I wanted to watch a scary film, but the shaky camera technique used in most "found video" like this one, was so badly done that I just couldn't watch more than 15 minutes of it. My cat could have held a video camera better! Are we also supposed to believe that people use video cameras and not mobile phones now? Hardly. I'm not sure how it measured up as a horror film, but just watch Paranormal Activity instead. Much better.
This is a fairly enjoyable film. However, it is very strangely paced.
A family move into a house in an idyllic, if isolated, location. Overbearing dad Bruce (Steve Jacques), fractious mum Jennifer (Cara O’Brien), gobby teenage daughter Kacie (Alana Chester - and boyfriend Mark (Tomas Decurgez)) and sensitive younger son Manny (David Mendoza). They film themselves during their first few days in their new home, and this ‘found footage’ is interspersed with interviews with friends and authority figures telling what is essentially the same story. The doom-laden tone of their discourse jars with the scenes of family squabbles and normality. Worse, this style of presentation goes on for far, far too long without incident.
There are murmurs and whispers about the neighbouring un-named Californian town having some kind of murderous mystery, but this is rarely expanded upon. What we do find out is that the entire family disappear overnight – we are told this fairly early on (in fact, news of their disappearance is the first thing we see, presented as anecdotal information on screen).

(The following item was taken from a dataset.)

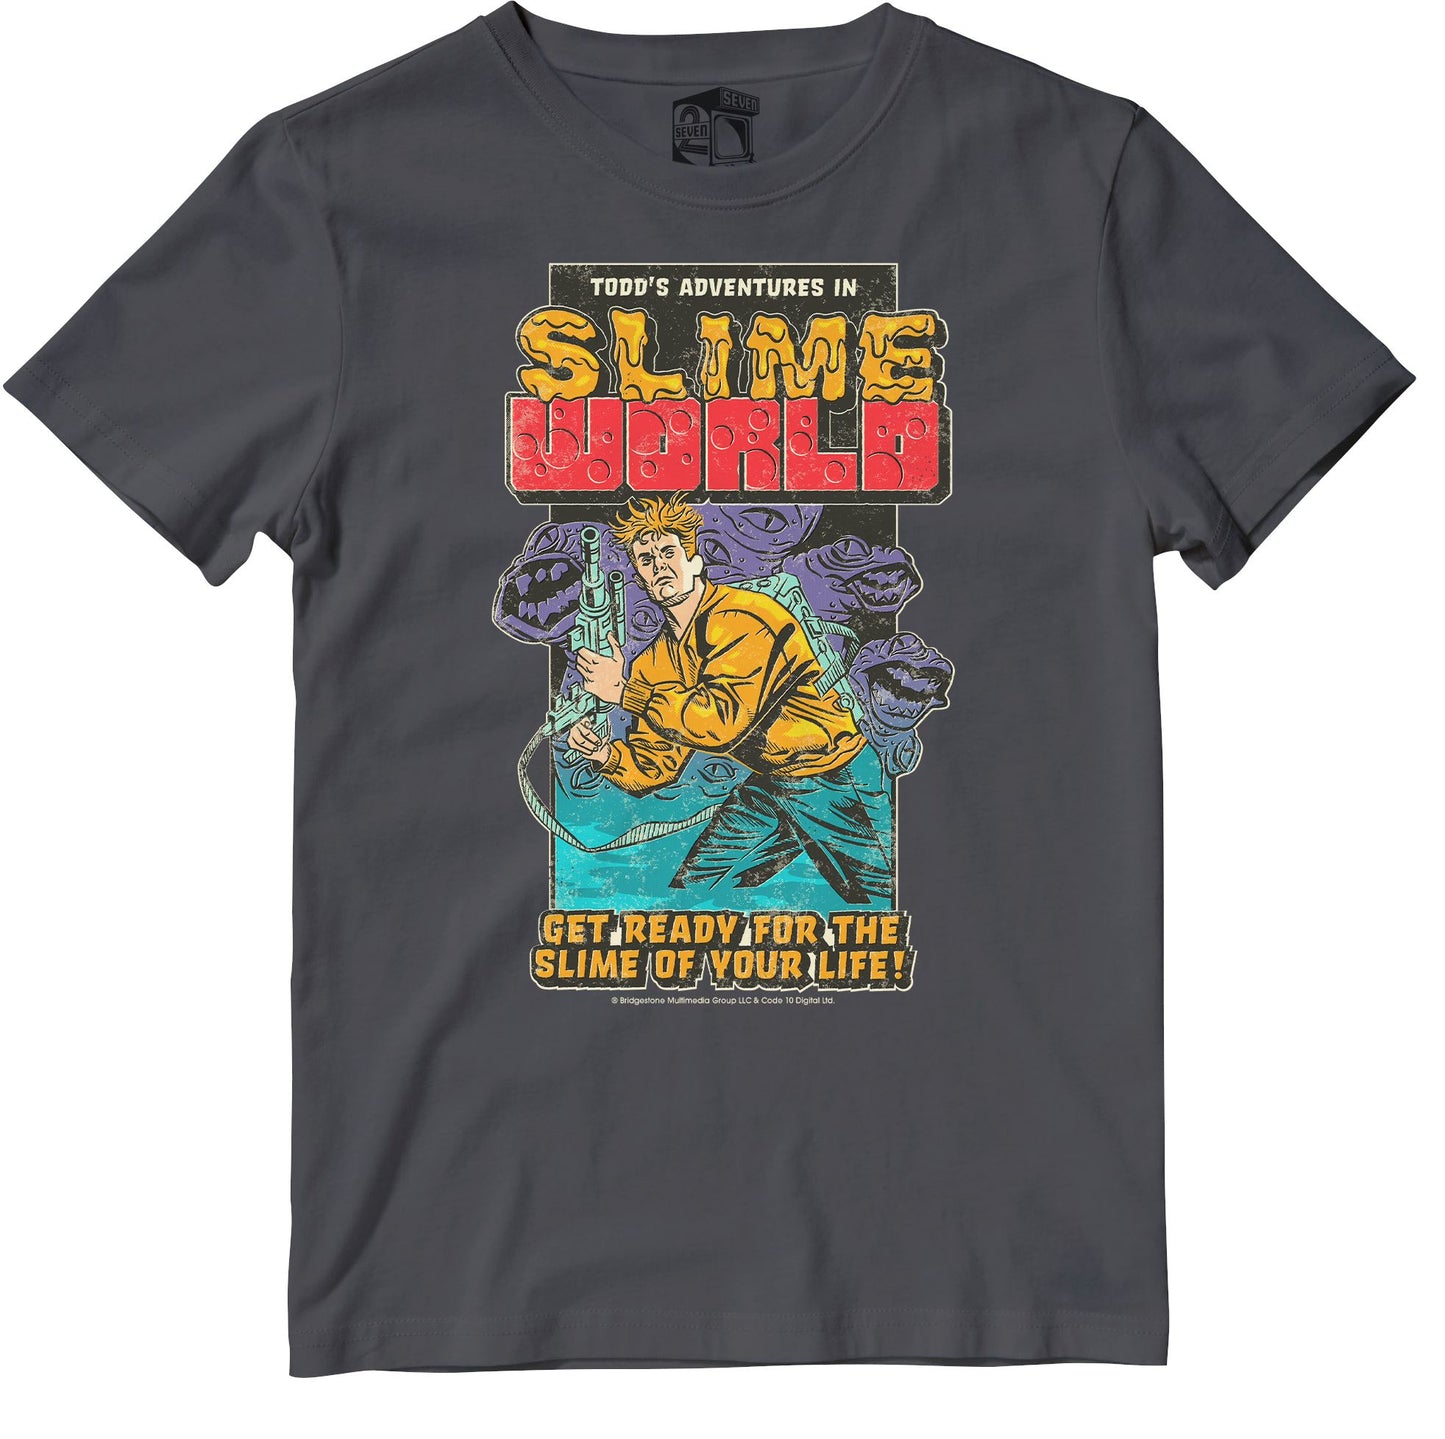 Todds Adventures in Slimeworld Retro Gaming T-Shirt T-Shirt Seven Squared

Now all ‘The Purging Hour’ has to do is go through the motions of killing everyone and providing some kind of explanation.
To this end, the final fifteen minutes of the film’s 77 minute running-time is suddenly a mass of breaking-up images (‘this battery is dying,’ providing the reason for that), screams, a bit of blood and death. Sadly, no real explanation, motive or reason is given.
Open-ended films have to be handled carefully, or the lack of closure is frustrating. Here, it is doubly so as we have invested so much time watching the family go about their business of arguing, laughing, unpacking, eating etc, the lack of cohesion in the subsequent pay-off we have waited too long for is annoying. Even with these things in mind, I quite enjoyed ‘The Purging Hour’ – the acting is good throughout and writer/director Emmanuel Giorgio Sandoval’s style is confident, if uneven.